Cursed Tongue: Numero Wrongo
Posted by CursedTongue on June 7, 2006
I feel like an official Arizonian. I got my first wrong number in Spanish. Of course, I knew the caller from Armando’s household had probably misdialed, as soon as I saw his name pop up on the caller id. But instead of risking guilt over a confused message left on my machine, I decided it would be better to simply answer.
We once had a message on our machine, in a vaguely familiar woman’s voice. She left no name, no number, only “What a great gift, kids!” and the voice was so elated, and so proud of whoever she thought she was calling, that we kept the message until we had to unplug the machine when we moved. We’re pretty sure that the vague familiarity was in our imaginations. We were kids, I suppose, but there was no gift we’d given that could have been that great.
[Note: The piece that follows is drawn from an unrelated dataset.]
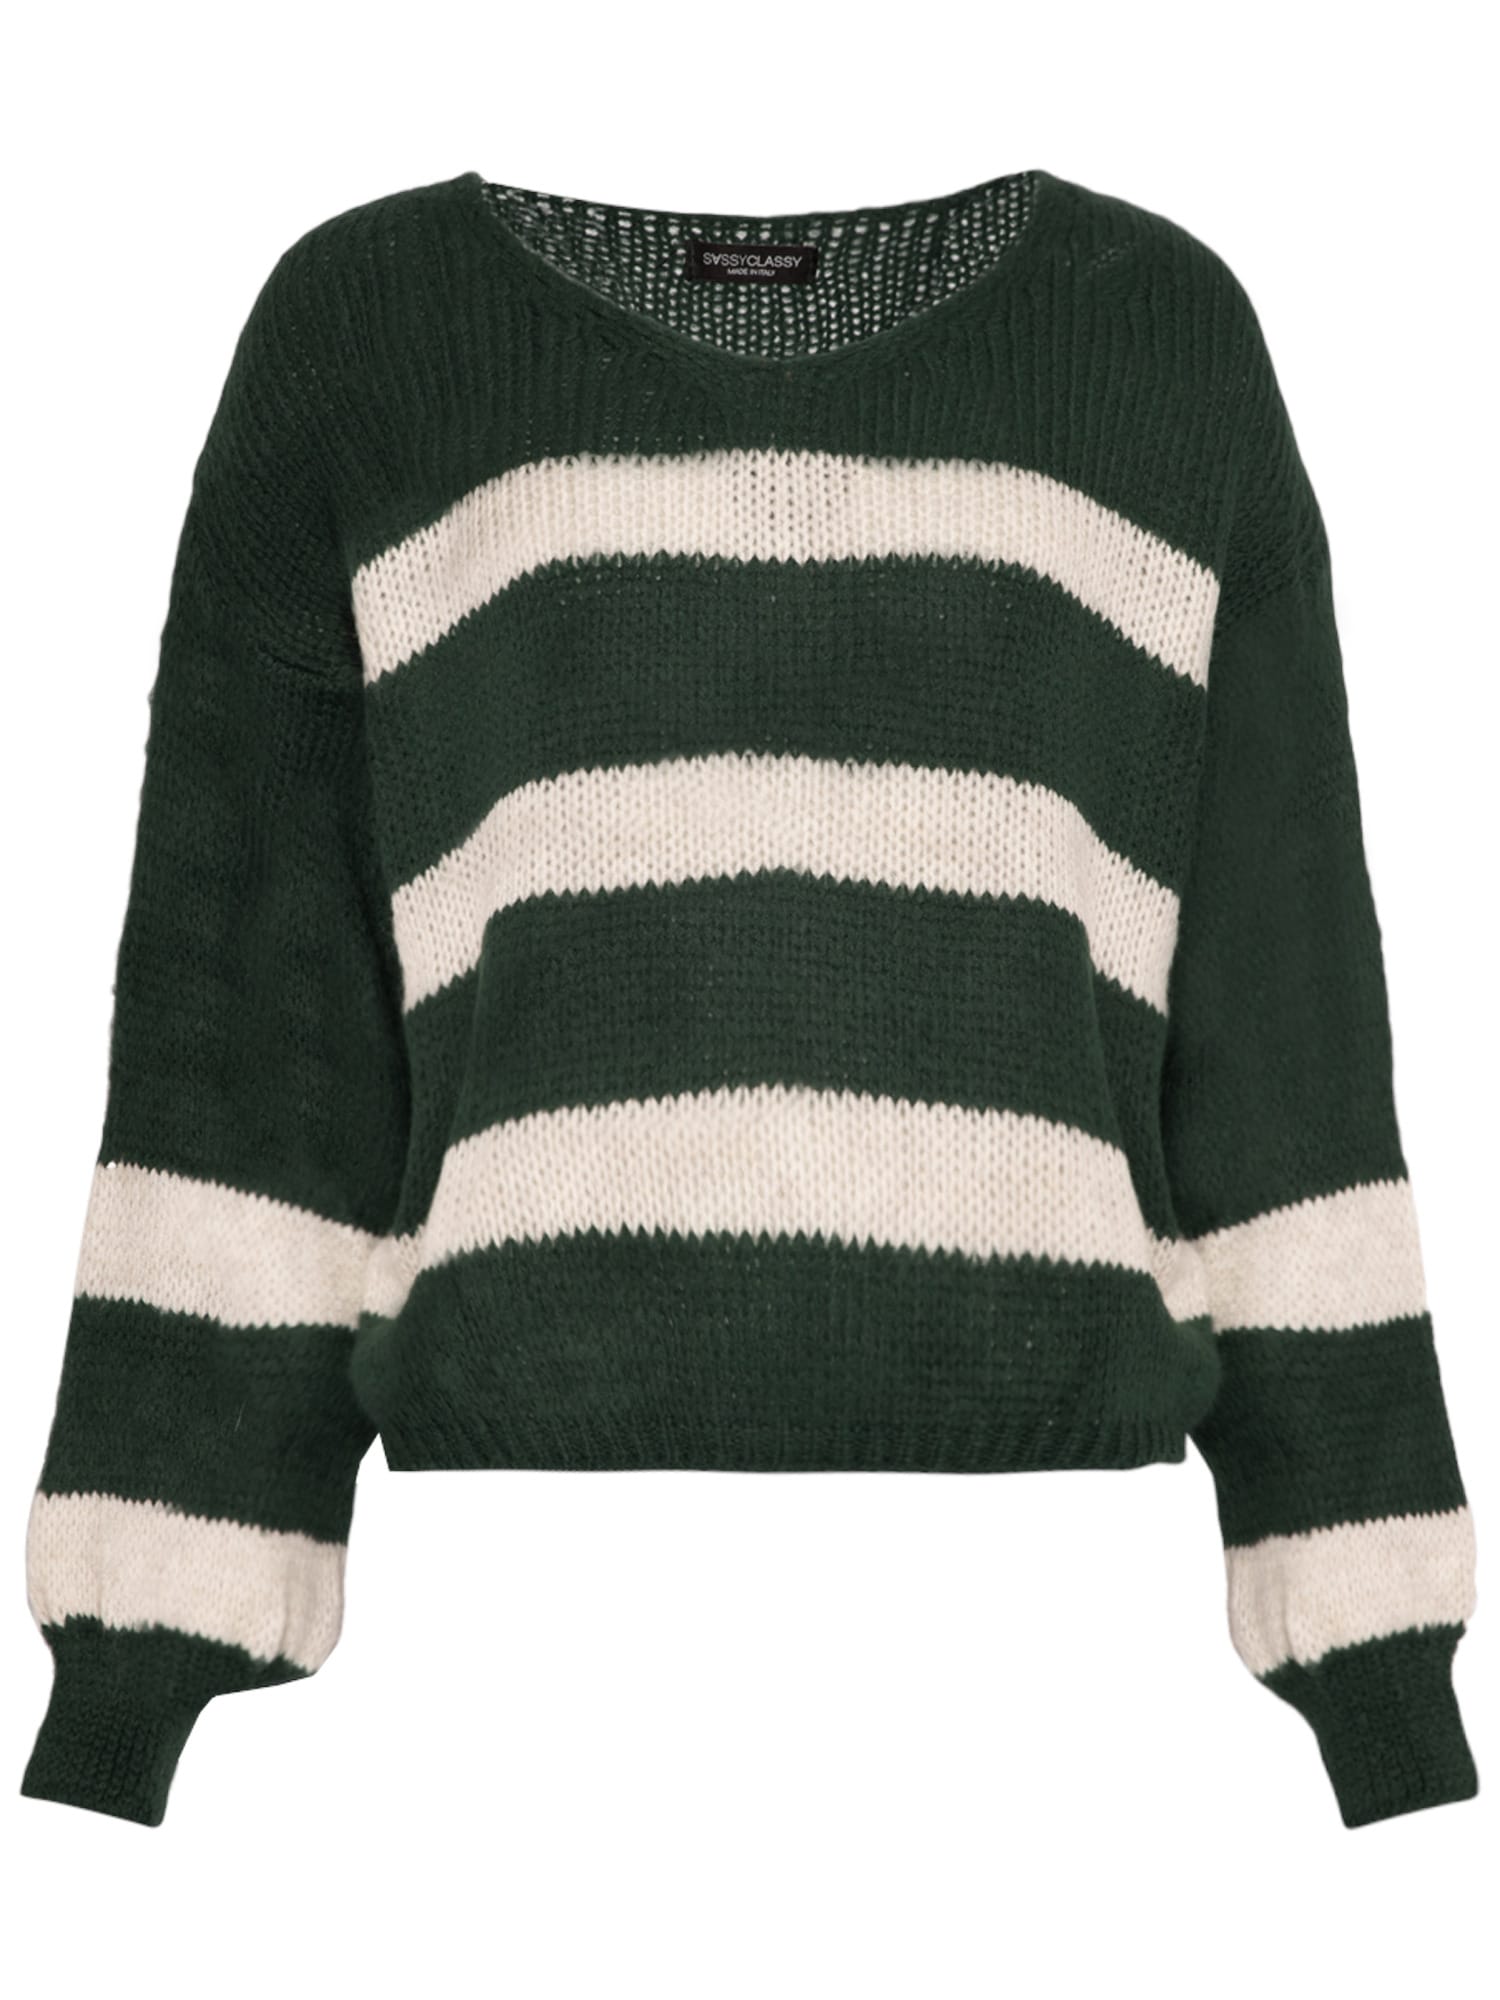 SASSYCLASSY Širok pulover  temno zelena / bela
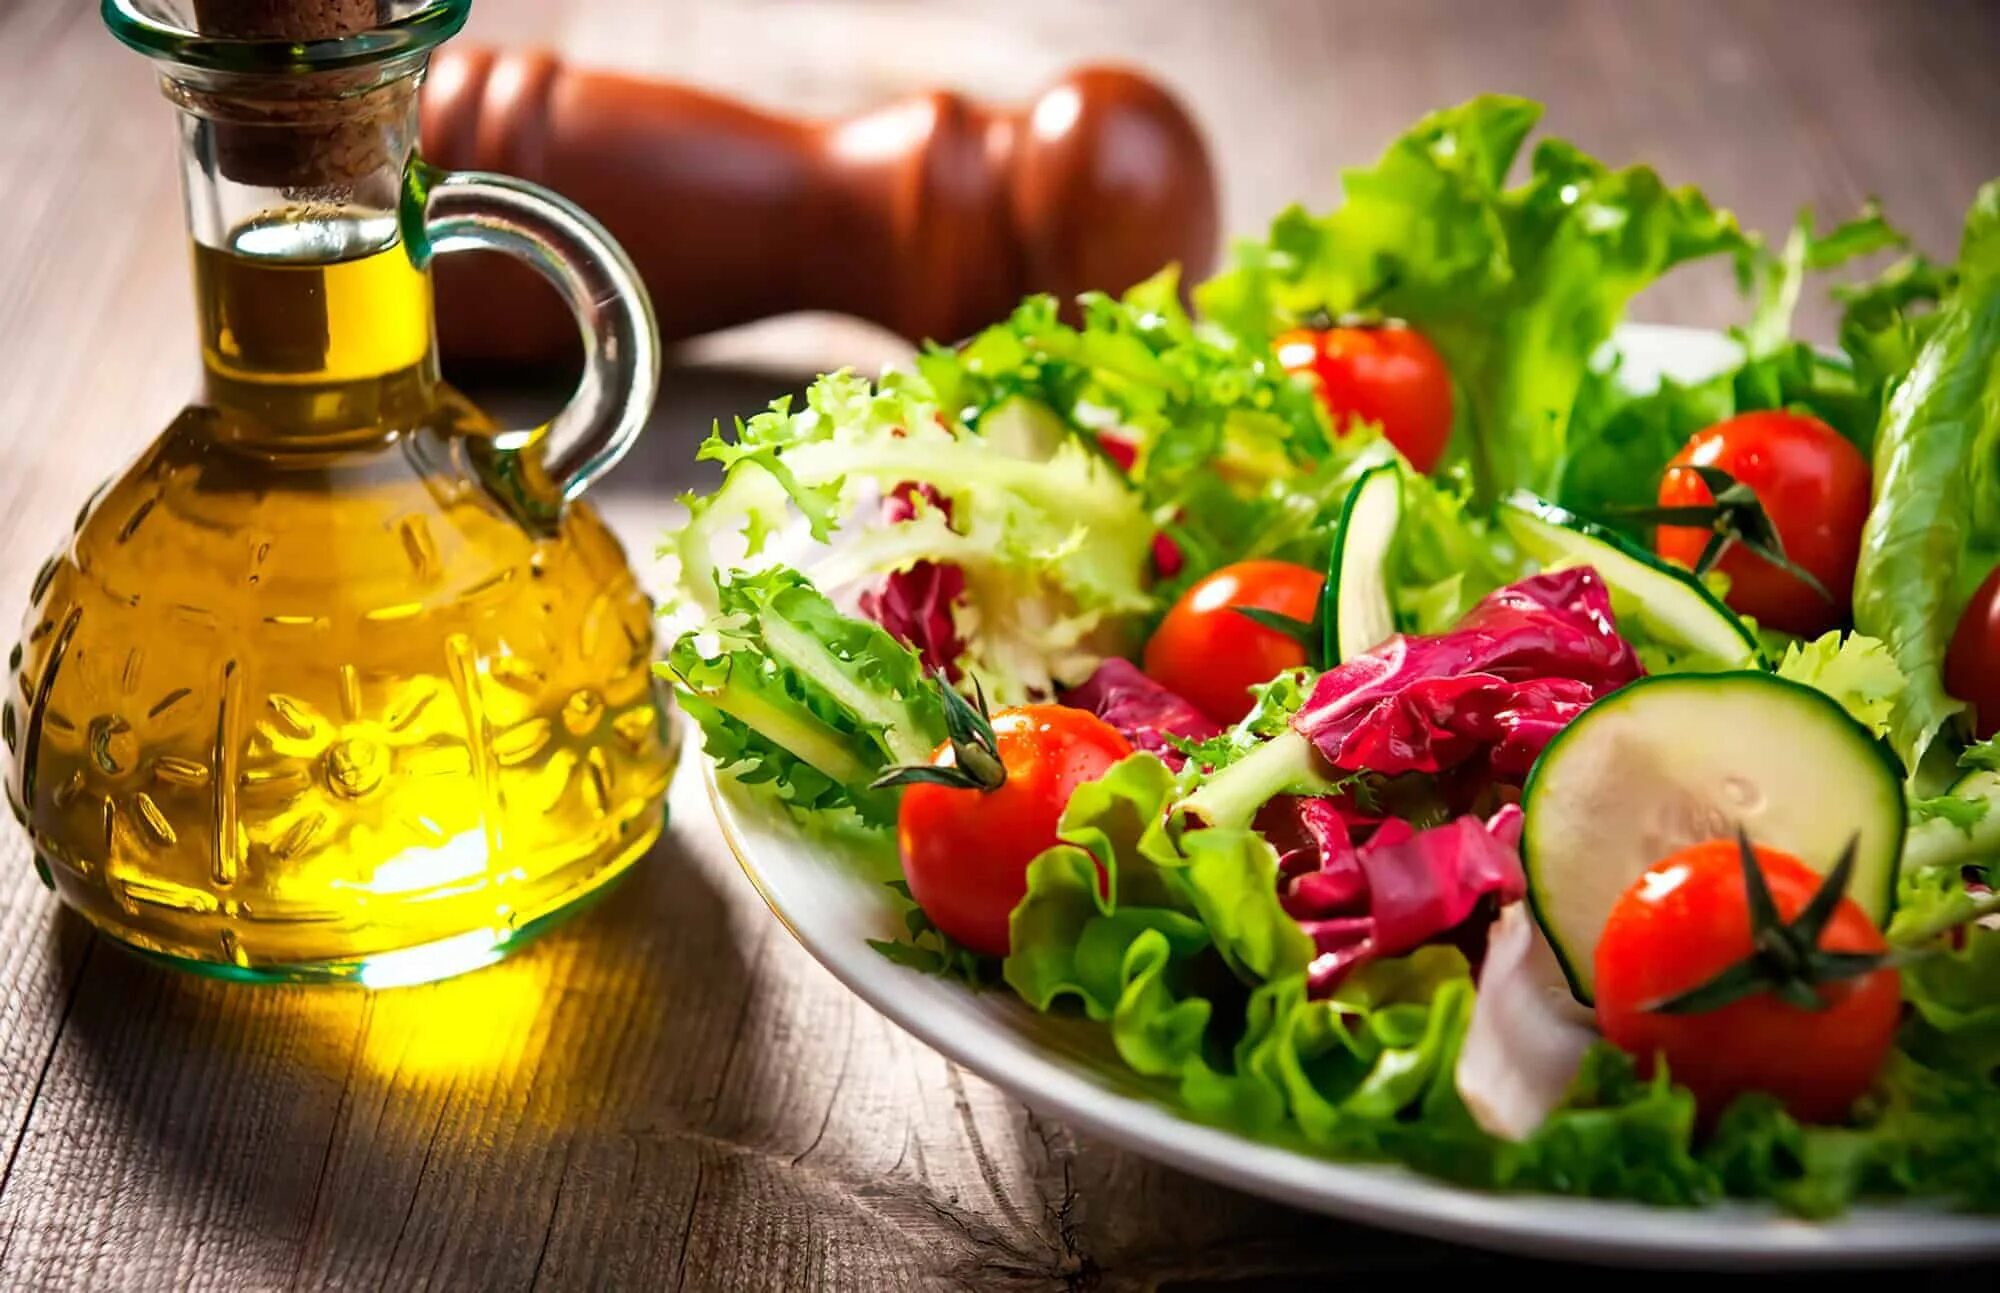 Соус для салата из свежих овощей заправки. Салат с маслом растительным. Салат с оливковым маслом. Салат овощной с маслом. Растительное масло и овощи.

The woman on the other line asked for Tricia in Español. I think. I know somewhere in my brain the words all reside, so that I might have responded in Spanglish with, “Sorry, Tricia is not here.” The words used to be there because of the year I spent sitting in the back of Señora Baum’s class listening to Nina talk about her latest sexual conquest or flirt mercilessly with the boys (her, not me). But even a day after the call the words don’t surface. They must have been swept out of my brain along with the traumatic portions of my wedding.
All I remember is “Hola. Como esta usted?” And pretty much all of the words I learned for food. If I ever wake up inexplicably in a Tijuana jail, I’ll be able to ask how the prostitutes in my cell are doing, and order a chimichanga. If I ever wake in a gritty Cancun motel in a tub full of ice with a scar on my back near my missing kidney, then the language barrier will be the least of my worries. And really, what are the odds?
Instead, I said in English, “I’m sorry, you have the wrong number.” Which is what I always say, and I really don’t know why I feel the need to apologize, when it certainly isn’t me who dialed the wrong number. The caller replied in English with her own apology and I assured her that it was no problem. I could hear that the line was still connected, but except for rustling and muted background noise, there was nothing.
“Hmmmm, yes…well…um. Goodbye,” I punched the talk button hurriedly, and let the crawly uncomfortable feeling of silence between strangers pass through my shoulders and immediately felt silly. Sure, Tricia’s friend has my number, but what does she care if I’m socially inept?
I have been on the other end of the trans-language wrong number. When we lived in Germany I dialed wrong numbers on occasion, and got some unsuspecting German, who may or may not have spoken English. I did at least know the words for, “I’m so sorry,” and figured they would piece the story together from my accented pronunciation and the fact that I hung up on them.
I took two years of German. And in this class, the teacher actually expected us to be able to speak to people and respond to them in a conversation, so I still remember how to apologize. (Isn’t a valid passport and an apology all that the ugly American needs for travel abroad?) There was no Nina equivalent in this class, and if there had been, I’m sure she would have spent a lot of time doing supplementary verb conjugation drills—Fraulein Metzger’s punishment for speaking English.
In a previous job as an Administrative Assistant, one of my responsibilities was answering phones. Our phone system had a clear and obvious voice greeting. Callers could reach me a variety of ways, like pressing zero, not pressing anything, or dialing an extension that didn’t exist. It amazed me how many people either skipped or didn’t understand the main greeting. And our number was exactly like the number for the local school district, except two digits were reversed.
Once, a nervous mother heard the sounds of a human voice answer the phone with the name of the company and she launched on a lengthy, rapid-fire description of her daughter’s speech impediment. I attempted several times to interrupt her, but she barreled on. When she paused to breath I did feel truly sorry for her. I explained that we were a business and not the school. The wrong-number-dialer asked if she could be transferred. Then I felt sorry for the kid; she had bigger problems than a sibilant “s”. (So, okay, that was more of an intelligence barrier than a language one.)
I’d like to extend a heartfelt apology to all of the people who I’ve dialed accidentally over the years. I’d do it in Spanish and German, too, but then I’d have to apologize for slaughtering your language, too. (We could be here all day.) And I’d also like to apologize to the woman who has our old number in Illinois. It seems my family has dialed you by mistake a few times, apparently often enough to turn you into an irate and bitter “North American Rough-Legged Harpy.”